── EXERCISE INPUT

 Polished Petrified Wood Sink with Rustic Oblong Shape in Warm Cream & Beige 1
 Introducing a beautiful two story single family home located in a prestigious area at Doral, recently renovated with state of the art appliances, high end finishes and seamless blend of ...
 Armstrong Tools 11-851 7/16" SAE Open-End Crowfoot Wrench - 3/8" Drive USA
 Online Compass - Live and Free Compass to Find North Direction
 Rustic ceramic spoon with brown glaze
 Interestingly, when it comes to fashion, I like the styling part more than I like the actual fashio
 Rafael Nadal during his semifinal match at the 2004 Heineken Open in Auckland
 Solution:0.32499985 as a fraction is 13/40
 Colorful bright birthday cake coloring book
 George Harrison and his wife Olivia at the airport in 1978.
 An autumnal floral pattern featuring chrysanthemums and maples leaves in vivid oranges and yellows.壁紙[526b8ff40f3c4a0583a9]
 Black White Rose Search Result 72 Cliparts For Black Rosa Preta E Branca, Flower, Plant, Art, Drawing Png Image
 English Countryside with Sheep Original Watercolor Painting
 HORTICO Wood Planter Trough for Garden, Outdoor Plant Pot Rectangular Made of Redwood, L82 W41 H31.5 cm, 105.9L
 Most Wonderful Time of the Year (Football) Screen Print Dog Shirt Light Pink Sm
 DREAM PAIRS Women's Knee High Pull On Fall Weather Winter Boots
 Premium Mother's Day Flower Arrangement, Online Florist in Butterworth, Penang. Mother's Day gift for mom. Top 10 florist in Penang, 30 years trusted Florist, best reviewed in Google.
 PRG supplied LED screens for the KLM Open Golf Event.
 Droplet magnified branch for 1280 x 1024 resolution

────

--- WHAT YOU WILL DO ---
Go over the data above and copy every line that has the word "Plant" in it.

--- PROBLEM SOLUTION ---
 Black White Rose Search Result 72 Cliparts For Black Rosa Preta E Branca, Flower, Plant, Art, Drawing Png Image
 HORTICO Wood Planter Trough for Garden, Outdoor Plant Pot Rectangular Made of Redwood, L82 W41 H31.5 cm, 105.9L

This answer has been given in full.